UNITE
- Mission type: Ionospheric research
- Operator: University of Southern Indiana
- COSPAR ID: 1998-067PX
- SATCAT no.: 44031
- Mission duration: 2 years, 8 months and 21 days

Spacecraft properties
- Spacecraft type: 3U CubeSat
- Launch mass: 4 kg (8.8 lb)
- Dimensions: 10 cm (4 in) x 10 cm (4 in) x 30 cm (12 in)

Start of mission
- Launch date: 5 December 2018 UTC
- Rocket: Falcon 9 FT, CRS-16
- Launch site: Cape Canaveral Air Force Station
- Contractor: SpaceX

End of mission
- Decay date: 21 October 2021

Orbital parameters
- Reference system: Geocentric
- Regime: Low Earth

= UNITE (satellite) =

American scientific research satellite

UNITE (Undergraduate Nano Ionospheric Temperature Explorer) was a CubeSat nanosatellite developed by the University of Southern Indiana. The project was funded by NASA's Undergraduate Student Instrument Project and primarily designed and built by students.

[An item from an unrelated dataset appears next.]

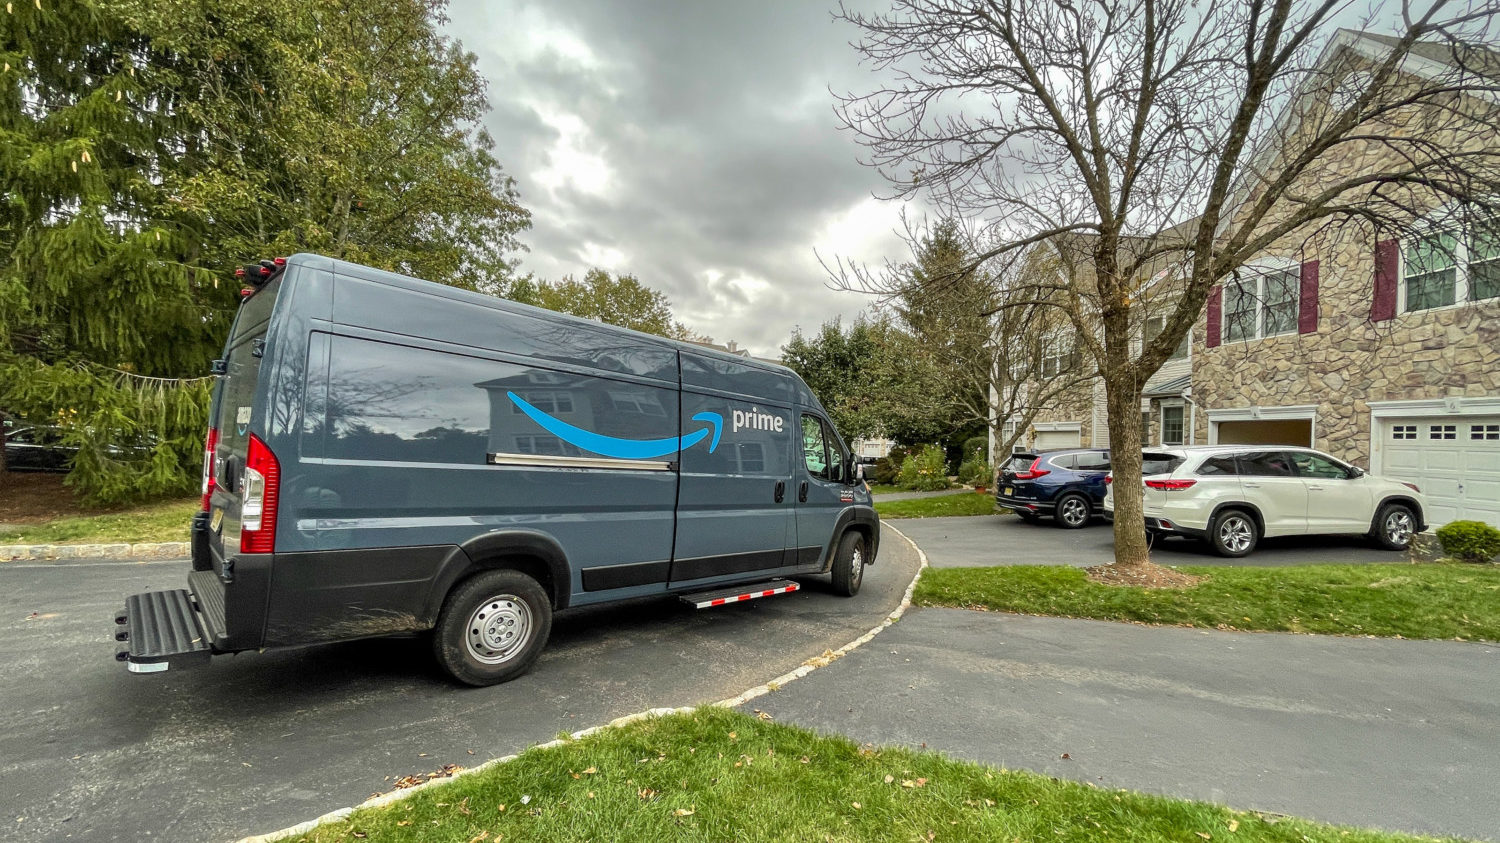 Amazon van drives in neighborhood
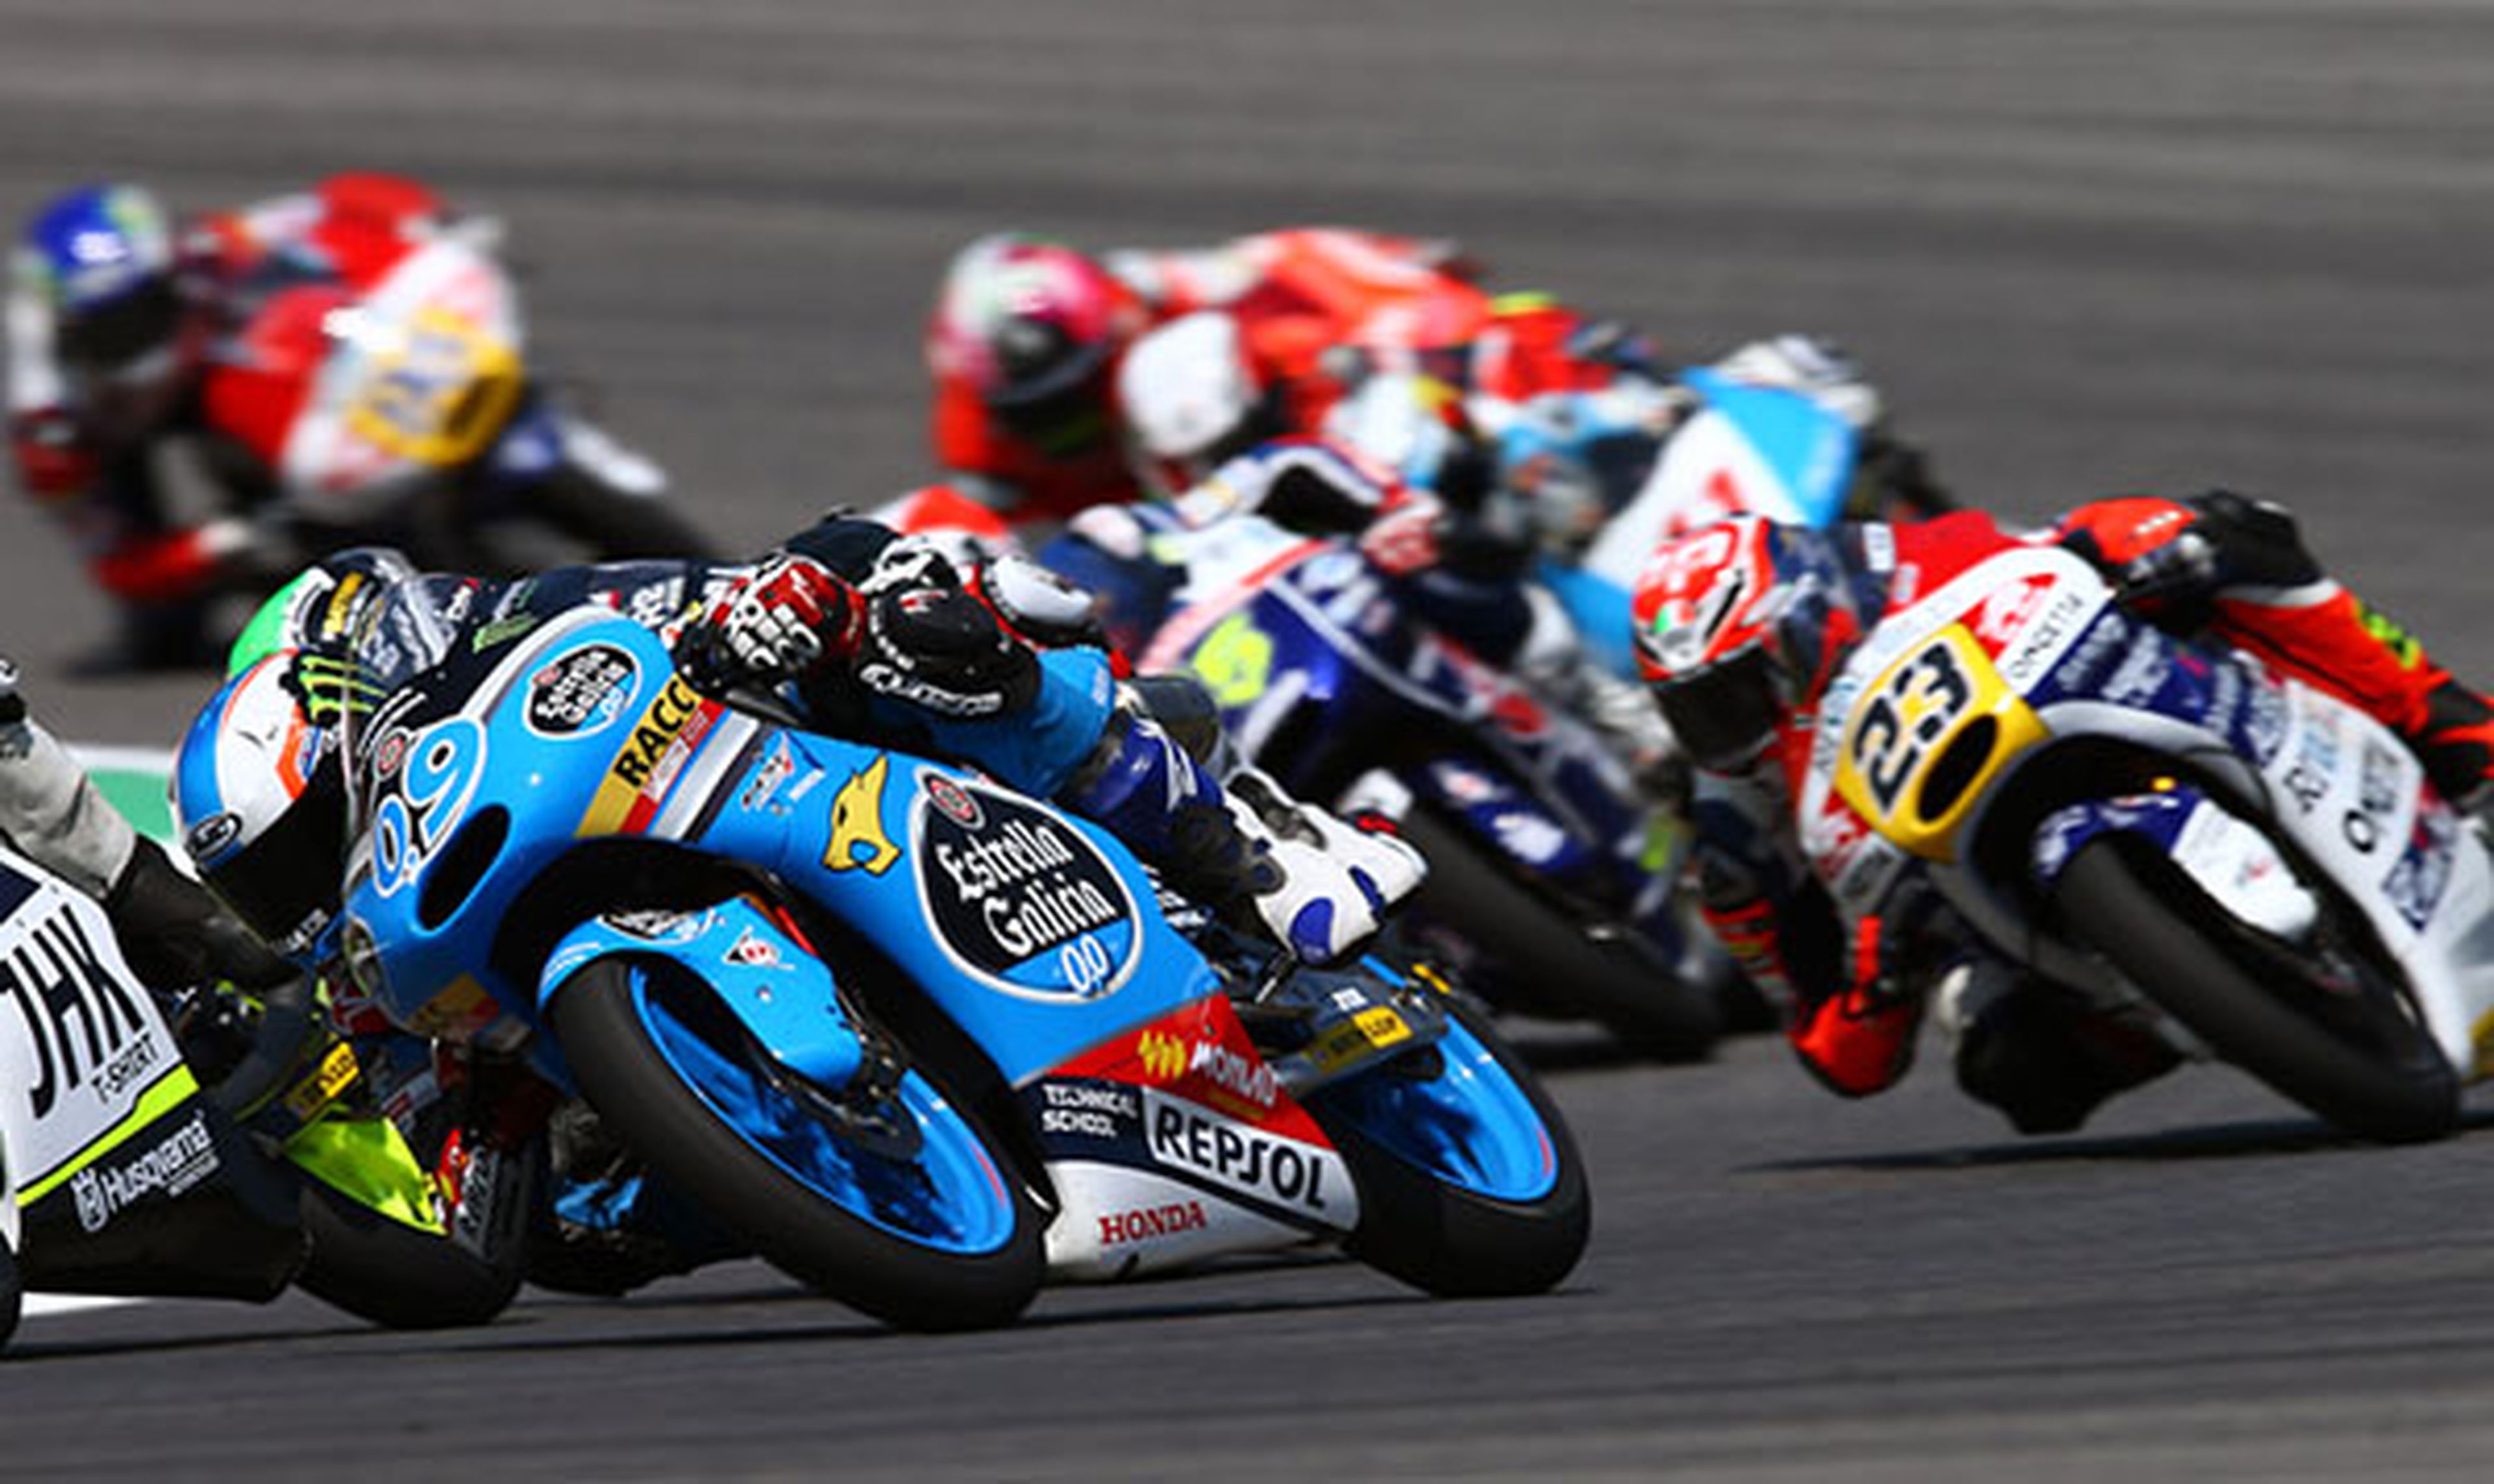 Clasificación general Moto3 tras GP de Italia 2015

It was launched into space on 5 December 2018 and deployed into its orbit from the International Space Station on 31 January 2019. Its mission included measuring plasma in the lower ionosphere and monitoring the drag and temperature of the satellite itself.

UNITE reentered the atmosphere on 21 October 2021, after 994 days in orbit.